Off topic but I feel it's an important subject:

I'm not shure I understand why h is negative and you still get the same correct result. Is it because you also made acceleration vector g negative( $$v = v_0 + a t = v_0 -g t$$ )?
I know it's off topic, but when you decide to give some variables negative prefix, do you have to be consistent by also making certain other variables negative in order to derive correct result?

Can you tell me some rules I can follow when doing that?
And besides ,why is it important to mark h negative? So we know the direction of an object is downwards?

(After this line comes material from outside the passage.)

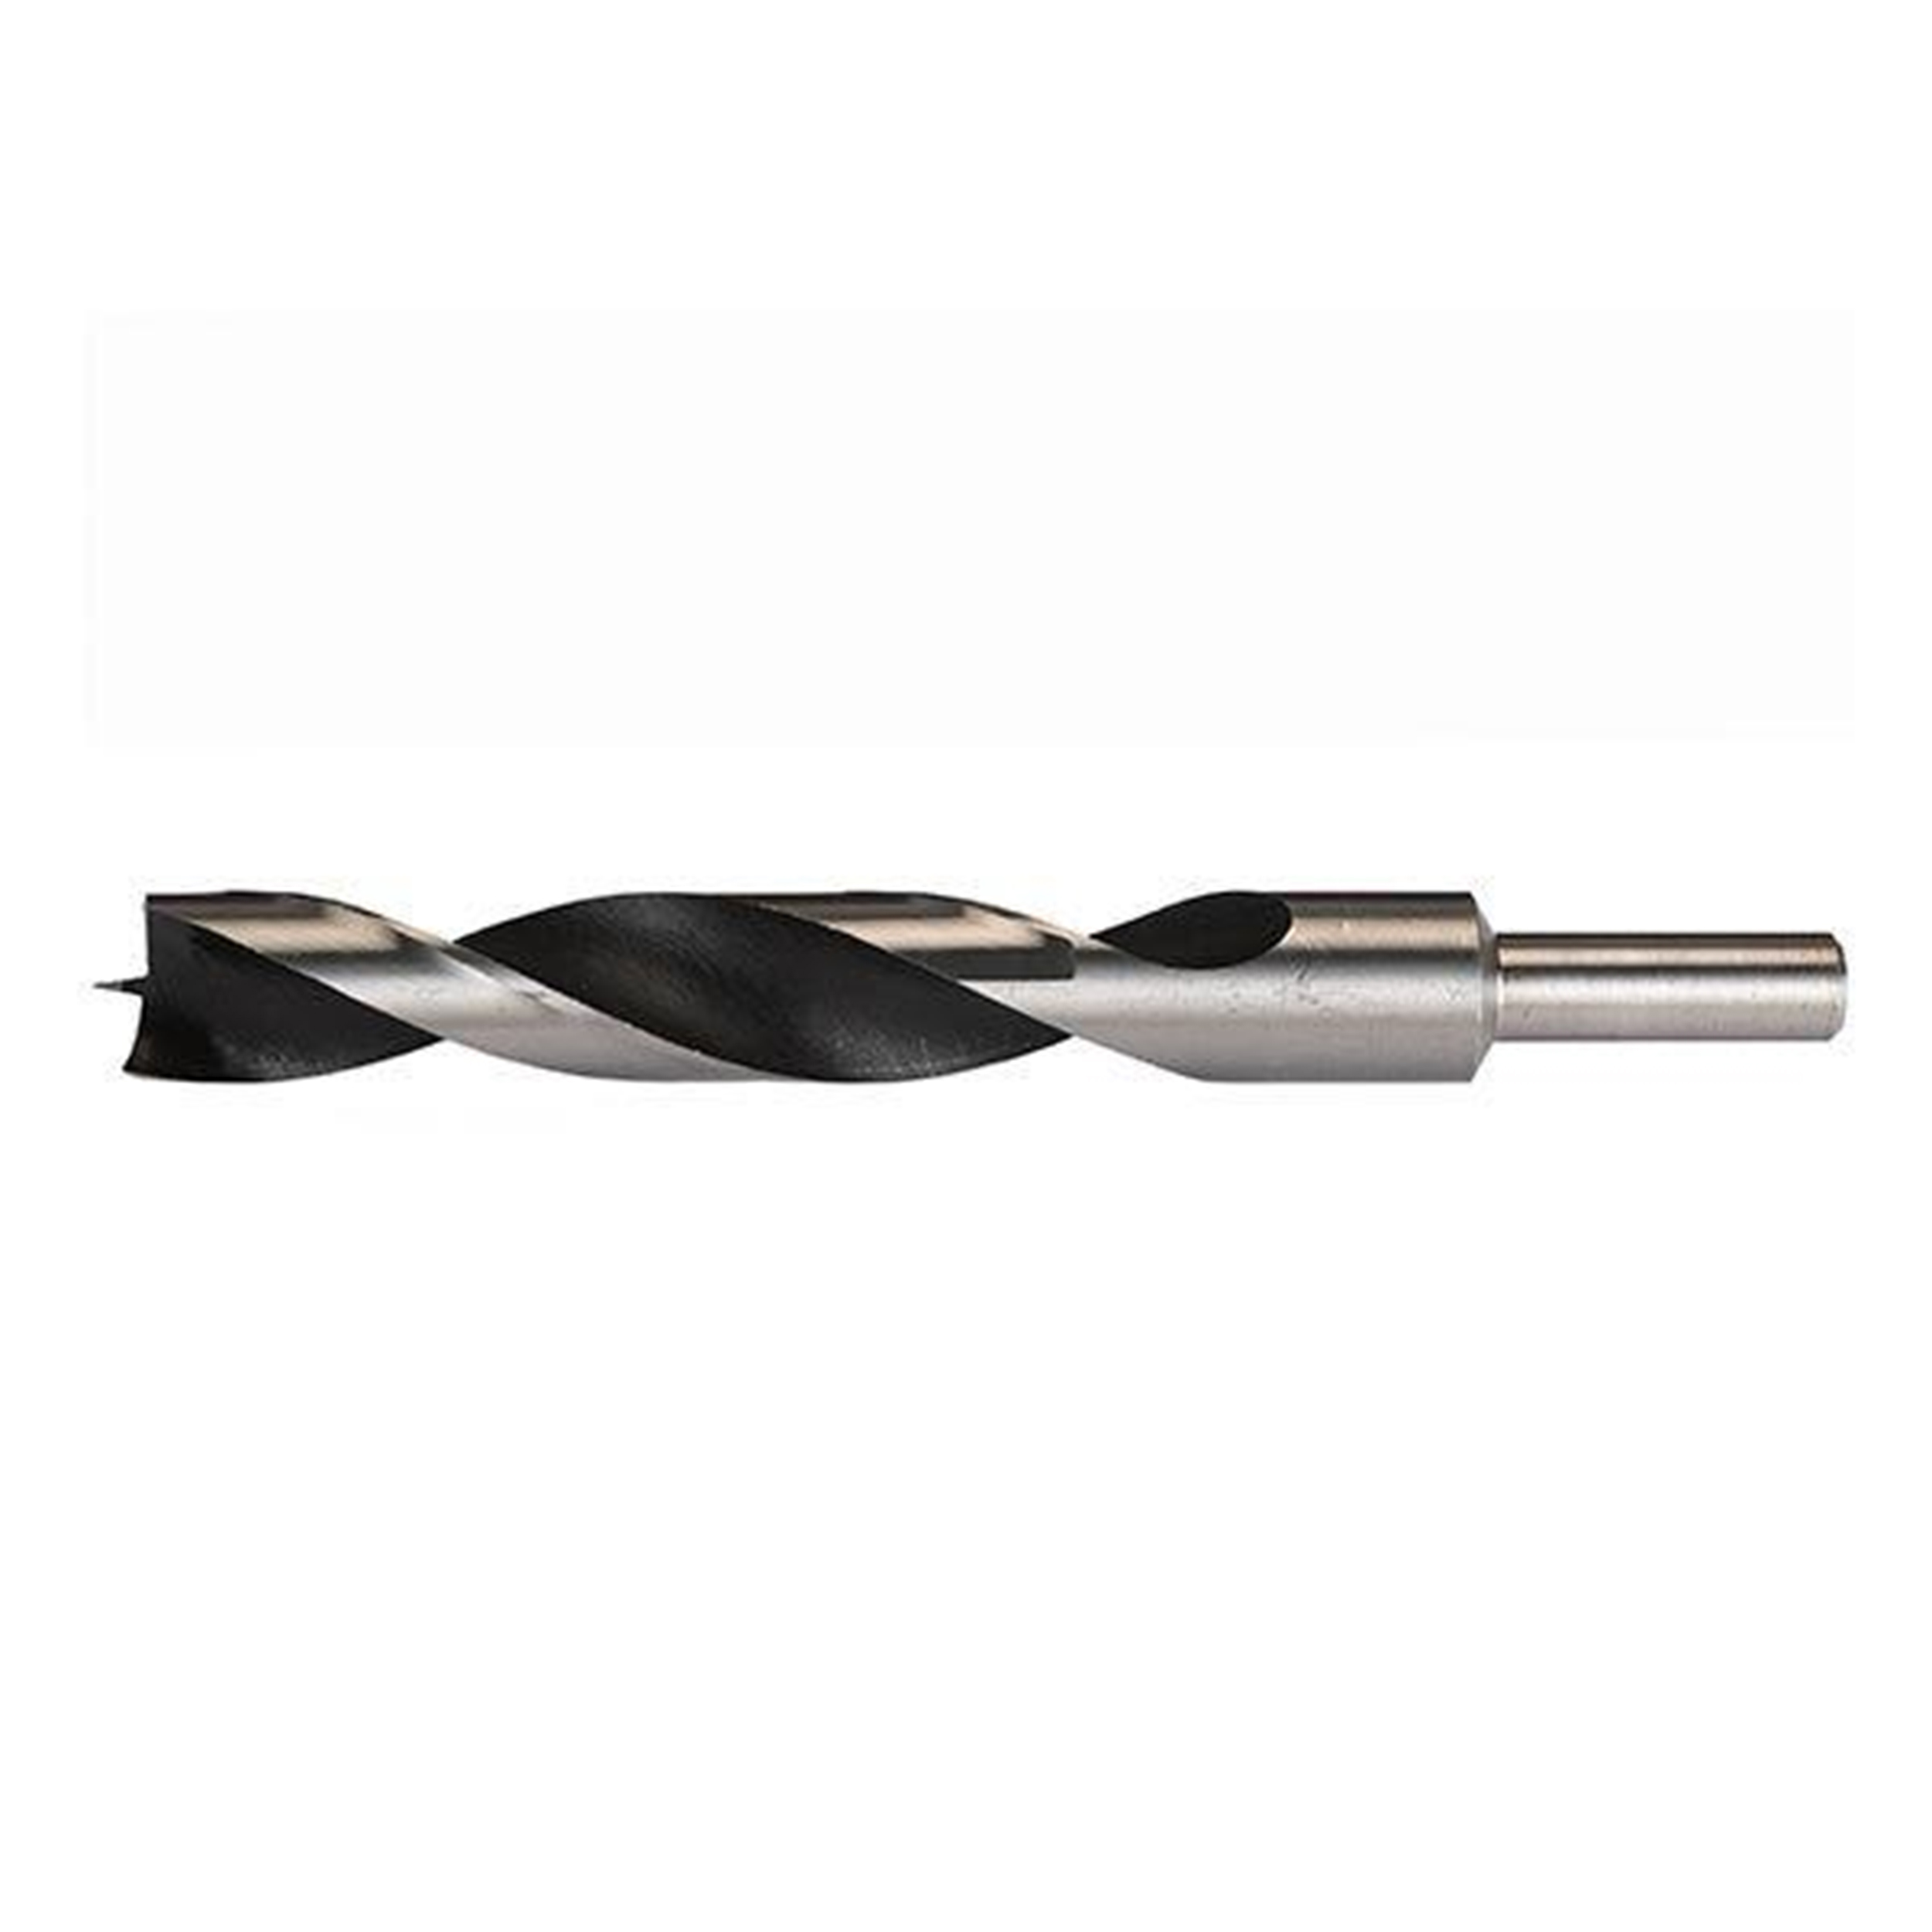 7/8-inch Chrome-vanadium Steel Brad Point Drill Bit

Back to the subject at hand:

But what if besides having initial vertical speed it would also have initial horizontal speed $$v_h$$? Would formula then be

$$v^2 = v_h^2 + v_0^2 + 2 g h$$ ?

I imagine not since from it we can't derive $$v^2 = v_0^2 + 2 g h$$ where $$v_0^2$$ would represent initial speed (initial vertical and initial horizontal combined). Yup,I'm lost :(

No, I haven't covered it yet. Is there some other way to describe it?

10. Jan 23, 2006

### Staff: Mentor

That's right. (h is negative because it stands for a distance in the negative direction.)
Absolutely; you need a consistent sign convention. (It's not really off topic, since it's required to properly use the kinematic equations.)

It's simple: up is positive; down is negative. Using that sign convention, the acceleration is -g, and the final position of the object is h meters below the starting point thus is -h.

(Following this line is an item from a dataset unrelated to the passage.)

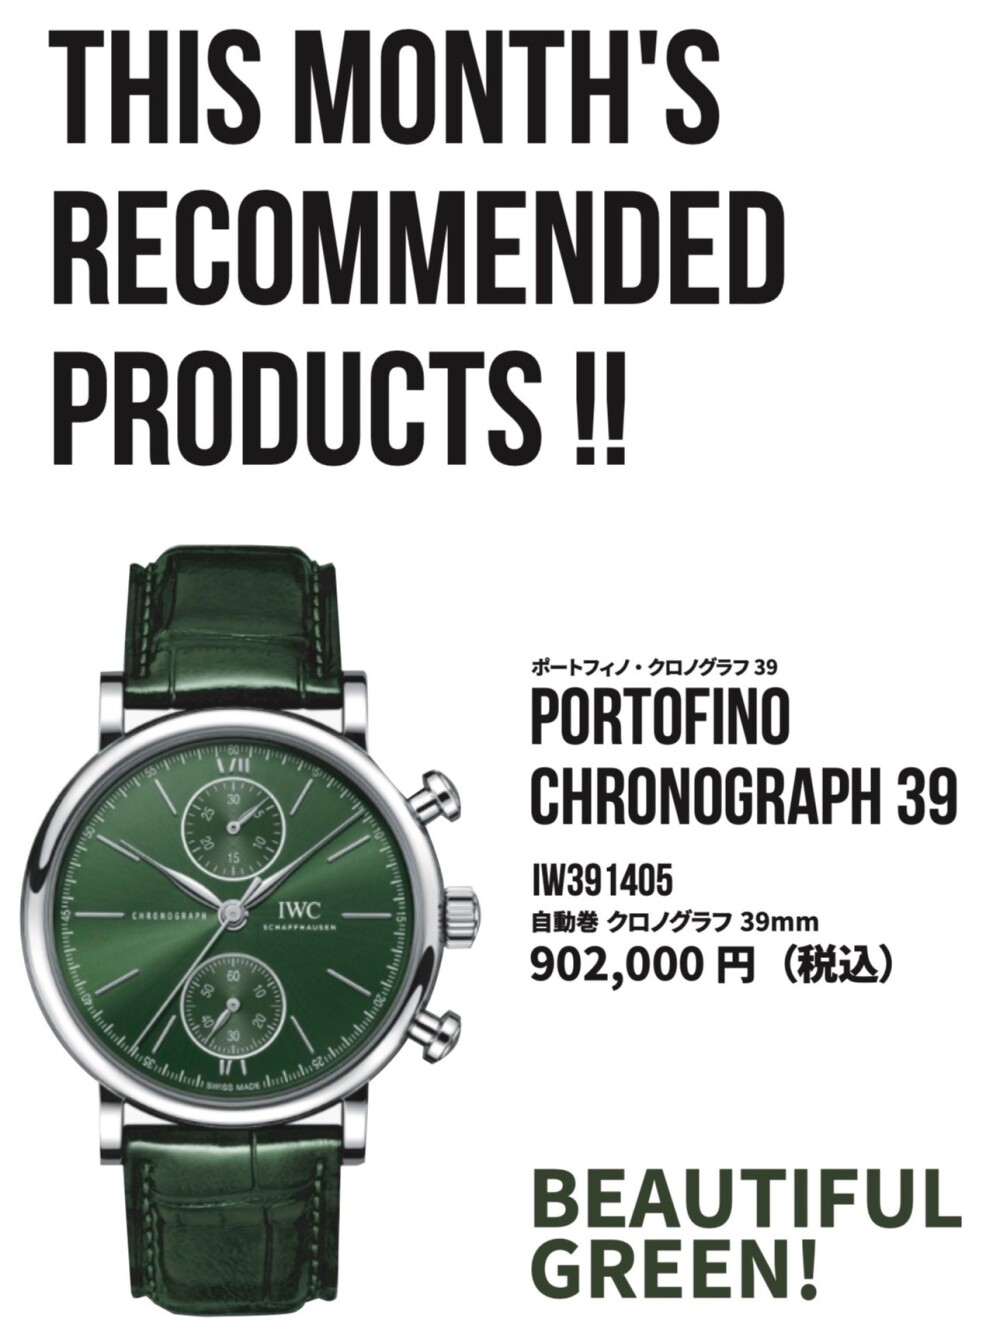 IWC PORTFINO CHRONOGRAPH 39 GREEN DIAL

I think you have the right idea, if by $v_0$ you mean the vertical component of the initial velocity. You'd be better off writing it as:
$$v^2 = v_{0,h}^2 + v_{0,v}^2 + 2 g h$$

I don't think you're as lost as you think. First, realize that any initial horizontal component of velocity doesn't change. Second, realize that you get the total velocity (what you are calling "net") this way: $v^2 = v_v^2 + v_h^2$.

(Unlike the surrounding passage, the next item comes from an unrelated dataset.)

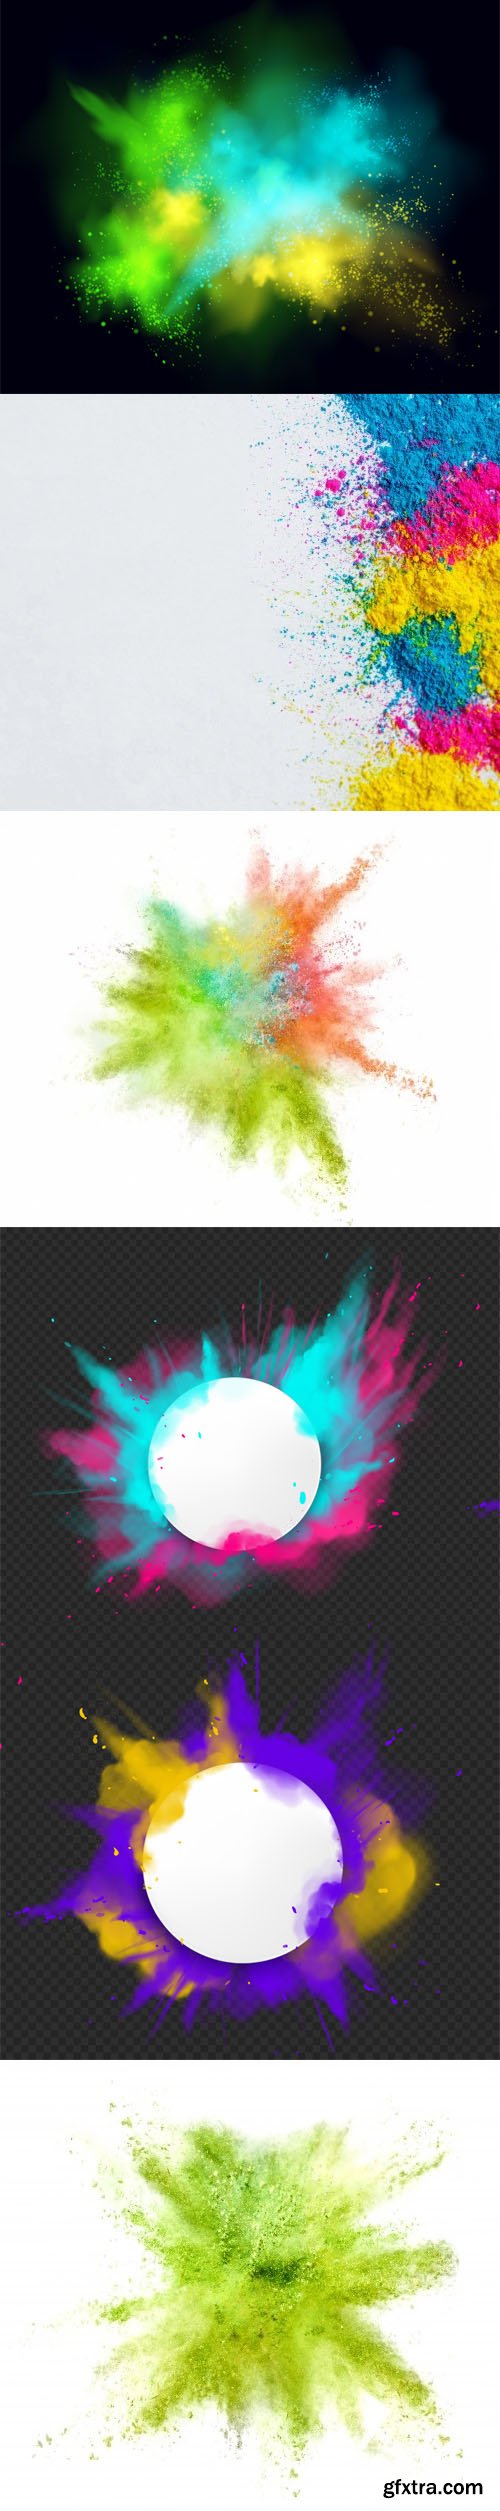 Amazing Paint & Powder Explosions Vector Design Templates

So, we've proven, as I think you understand, that:
$$v_v^2 = v_{0,v}^2 + 2 g h$$

And you know that:
$$v_h^2 = v_{0,h}^2$$

Add them up to find the "net" final velocity after falling a distance h:
$$v^2 = v_h^2 + v_v^2 = v_{0,h}^2 + v_{0,v}^2 + 2 g h$$

Which gives us:
$$v^2 = v_0^2 + 2 g h$$
where $v_0^2$ is the total initial speed squared, regardless of direction (since we added the components to get the total).

Got it?

I know of no clever words that would help. (We could describe the kinematic equations in words, but that's the hard way.) I think you are perfectly capable of understanding the above argument if you go over it a few times.

11. Jan 23, 2006

### Staff: Mentor

That's right. (h is negative because it stands for a distance in the negative direction.)
Absolutely; you need a consistent sign convention. (It's not really off topic, since it's required to properly use the kinematic equations.)

It's simple: up is positive; down is negative. Using that sign convention, the acceleration is -g, and the final position of the object is h meters below the starting point thus is -h.

I think you have the right idea, if by $v_0$ you mean the vertical component of the initial velocity. You'd be better off writing it as:
$$v^2 = v_{0,h}^2 + v_{0,v}^2 + 2 g h$$

I don't think you're as lost as you think. First, realize that any initial horizontal component of velocity doesn't change. Second, realize that you get the total velocity (what you are calling "net") this way: $v^2 = v_v^2 + v_h^2$.

So, we've proven, as I think you understand, that:
$$v_v^2 = v_{0,v}^2 + 2 g h$$

And you know that:
$$v_h^2 = v_{0,h}^2$$

Add them up to find the "net" final velocity after falling a distance h:
$$v^2 = v_h^2 + v_v^2 = v_{0,h}^2 + v_{0,v}^2 + 2 g h$$

Which gives us:
$$v^2 = v_0^2 + 2 g h$$
where $v_0^2$ is the total ("net") initial speed squared, regardless of direction (since we added the components to get the total).

Got it?

I know of no clever words that would help. (We could describe the kinematic equations in words, but that's the hard way.) I think you are perfectly capable of understanding the above argument if you go over it a few times.